# Best Pans for Home (Hexclad? All-clad?)



## treillw (Nov 9, 2021)

I currently have a few Calphalon nonstick pans and a couple Finex cast iron skillets. I can't really use the Finex anymore, because my wife has Hemochromatosis - a condition where her body can't expel iron. Her iron is about 7x a typical persons iron level. If gone unchecked for years, it can cause organ problems. Thankfully she has no issues, other than she needs to modify her diet and jump through hoops to avoid iron. The nonstick coating on the Calphalon is peeling off and they need to be replaced. This will be the second time they have been replaced and I want to get something different, but I'm not really sure what to get.

I have two ideas: All-clad stainless pan or Hexclad. I have never cooked with a stainless pan before and imagine it will be a big pain to clean and that food will stick to it badly. The Hexclad looks great from a lot of the reviews and from the fact that Gordon Ramsay endorses them. Whether that endorsement is genuine, or just to add a couple more zeros to the bank account, I cannot say. He seems like a no nonsense kind of guy that wouldn't risk his reputation with anything but the best. Then if you start watching some reviews from youtube "experts", you might have some differing thoughts.
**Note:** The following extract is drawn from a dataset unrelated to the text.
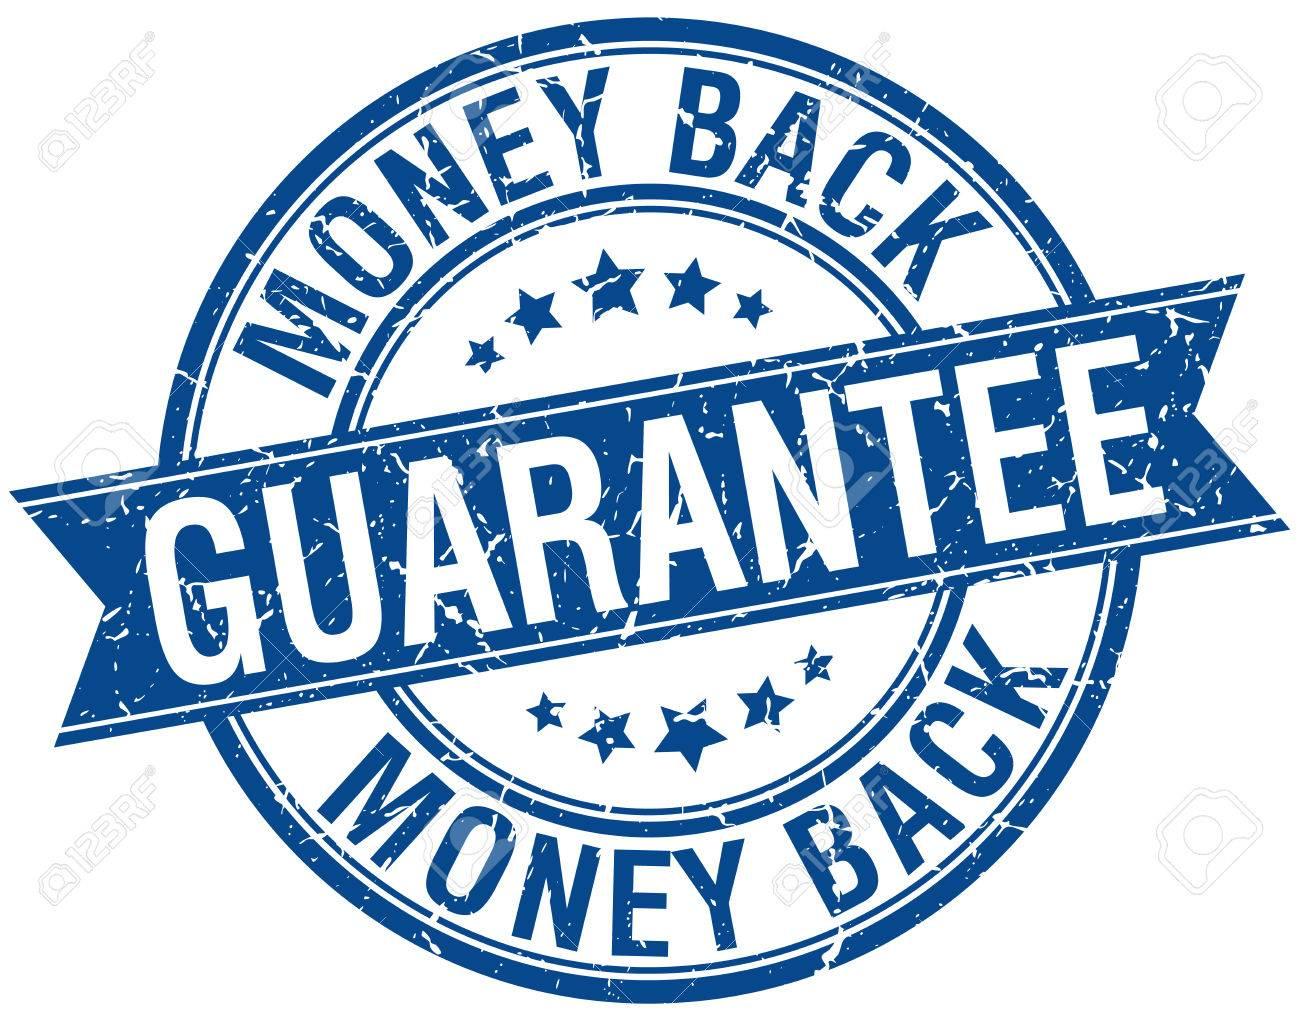 money back guarantee grunge retro blue isolated ribbon stamp - 39178745

I watched the video at the link below and it appears that the pans aren't as scratch resistant as they claim to be. The video is kind of lunacy and anybody who abuses a pan this badly deserves the consequences. But at the same time, over a lifetime some of that coating has to come off and be ingested, which I'm not crazy about. The All-clad will probably last longer and be safer, but I'm envisioning it being a pain. 





So what pans would you get? We have a blue star range, if that matters.

Thank you!


----------



## treillw (Nov 9, 2021)

I should probably add that I like to use high heat a lot of the time.


----------



## phatch (Mar 29, 2002)

Teflon is a good choice generally, but you'll be replacing them every 2-3 years. And their high heat behaviors can be problematic, mostly if you let the pan get too hot.
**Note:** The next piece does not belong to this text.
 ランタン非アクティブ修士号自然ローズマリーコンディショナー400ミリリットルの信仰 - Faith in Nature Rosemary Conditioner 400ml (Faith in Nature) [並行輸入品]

But what do you mean by high heat? Most steel or aluminum pans are going to warp if you heat them to 500 degrees and put food in them, 500 being when teflon starts to off gas.

Consider this video where they cook with non-stick. Note he uses a laser thermometer to take pan temps to show what's happening as they cook in the non-stick for the purposes of this dish.
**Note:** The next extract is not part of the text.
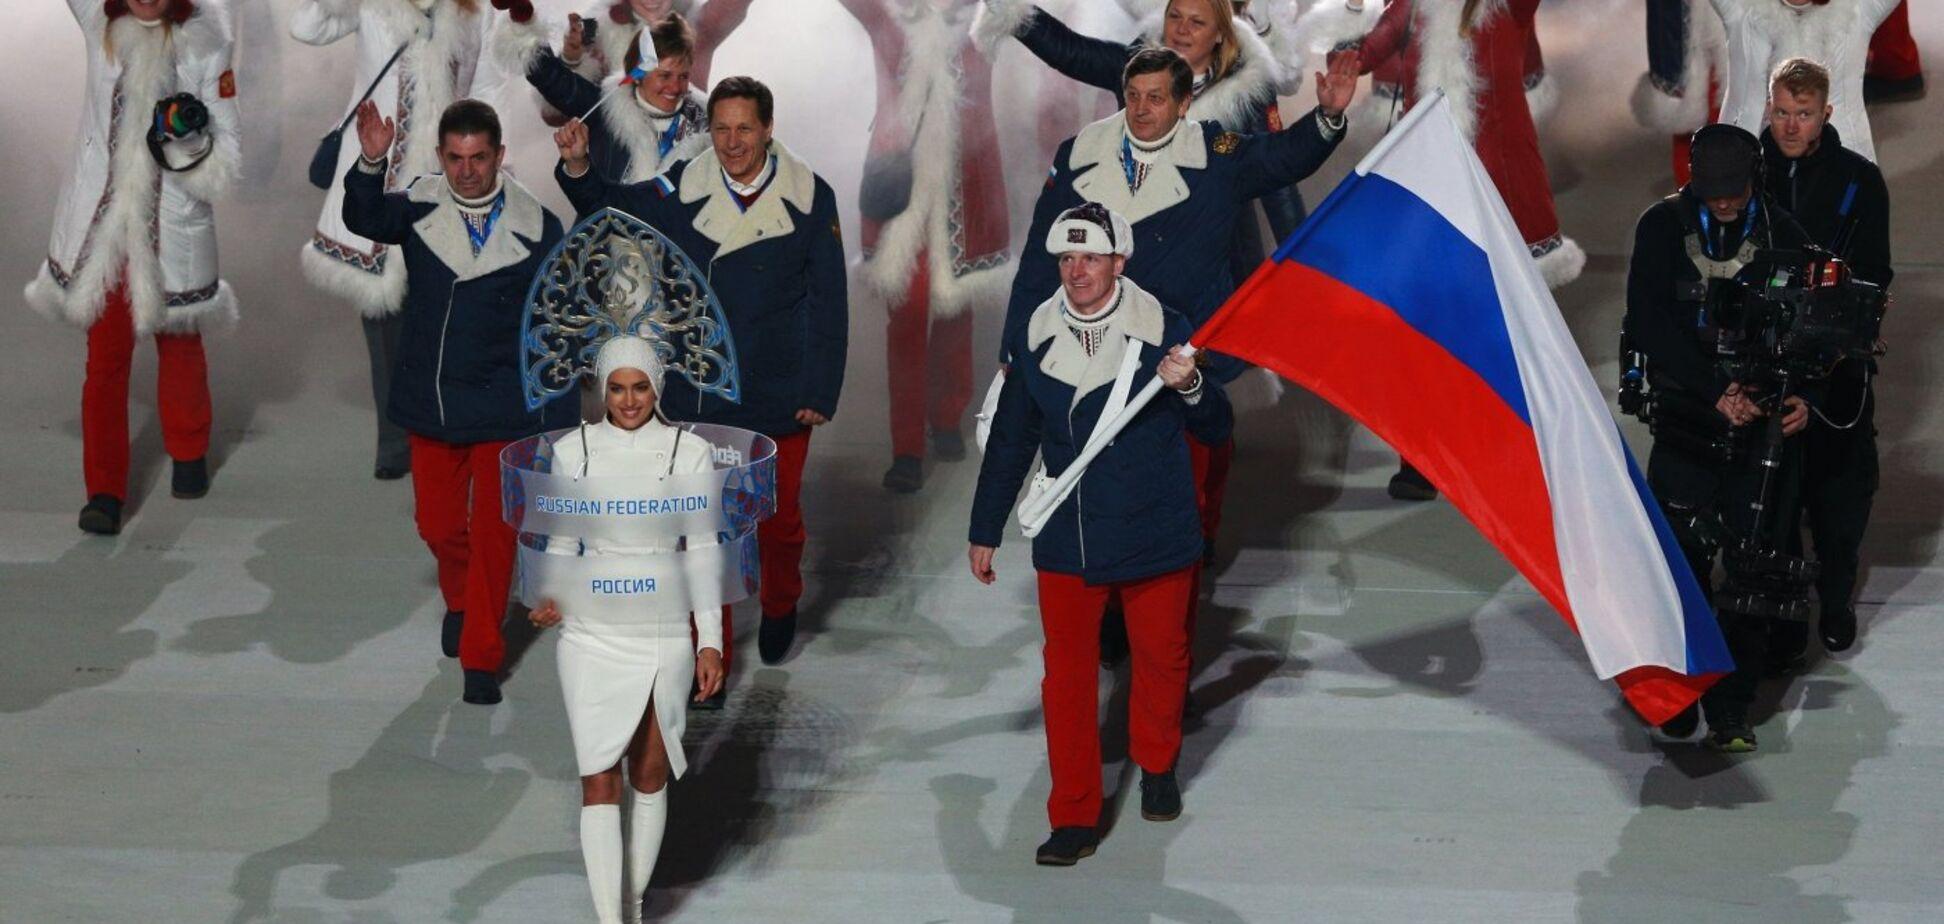 Проклятие и возмездие: Голышев высказался о недопуске РФ на Олимпиаду-2018

The pan just never gets that hot even though the cooking is pretty vigorous.

If you heat your non-stick pan with oil in it, you'll see the oil smoke before the pan ever gets to the dangerous temps. And when your oil surface shimmers, that's usually a good cooking temperature.

The exceptions to that use seem to be things like blackening foods, maybe searing a sous-vide steak and such.

I don't see stainless as an ideal solution--the Hex clad--as it leaches too, just markedly less than cast or carbon. Nickel being the most readily released. So teflon coating seems a reasonable solution. I've recently been using a ceramic non-stick for the first time. I've liked it quite well, though it's treatment instructions are just as sensitive as for teflon. And the particular ceramic I'm using they caution against temps over 300. For most home skillet work, that's not unrealistic, but somewhat low.

GreenPan ceramic is the current ceramic non-stick recommended by Cook's Illustrated/America's Test Kitchen, though they prefer regular non-stick over the ceramic. The Green Pan is pretty pricey but gets pretty good reviews. And it can take more heat 500-600 degrees than the ceramic I'm trying.

The failure point of ceramic is usually cracking, particularly if you drop or deform the pan or pot. But temperature shocks can do it too.

I think bang for buck, Tramontina non-stick is what I like, their professional line. https://www.walmart.com/ip/Tramontina-Commercial-8-Non-Stick-Restaurant-Fry-Pan/20665941

You can pull of the red handle for use in the oven, under the broiler and so on. Not induction compatible

The winner in most testing seems to be the OXO Goodgrips. 

High durability and good release. But won't work on induction. And the handle can't take much oven heat if any.


----------



## treillw (Nov 9, 2021)

Thank you for all that information! I will dive into it more. 

To answer your question regarding the high heat, in watching online reviews somebody said that Hexclad recommends using the pans over medium heat and something about not using high heat. Just got me thinking that it might not be ideal for me. I'm not doing anything crazy with the pans. Just heating them up until they are smoking hot for searing. Our range is pretty powerful compared to what I'm used to and what most home cooks who I know personally have; 22k BTU burners. Didn't know if this would be an issue with the hexclad. 

I have no problem being gentle on the pan and not using metal utensils. Just sick of eating teflon.


----------



## teamfat (Nov 5, 2007)

It is probably time for me to do a little shopping as well.










I think I need to replace a few of my pots.

mjb.


----------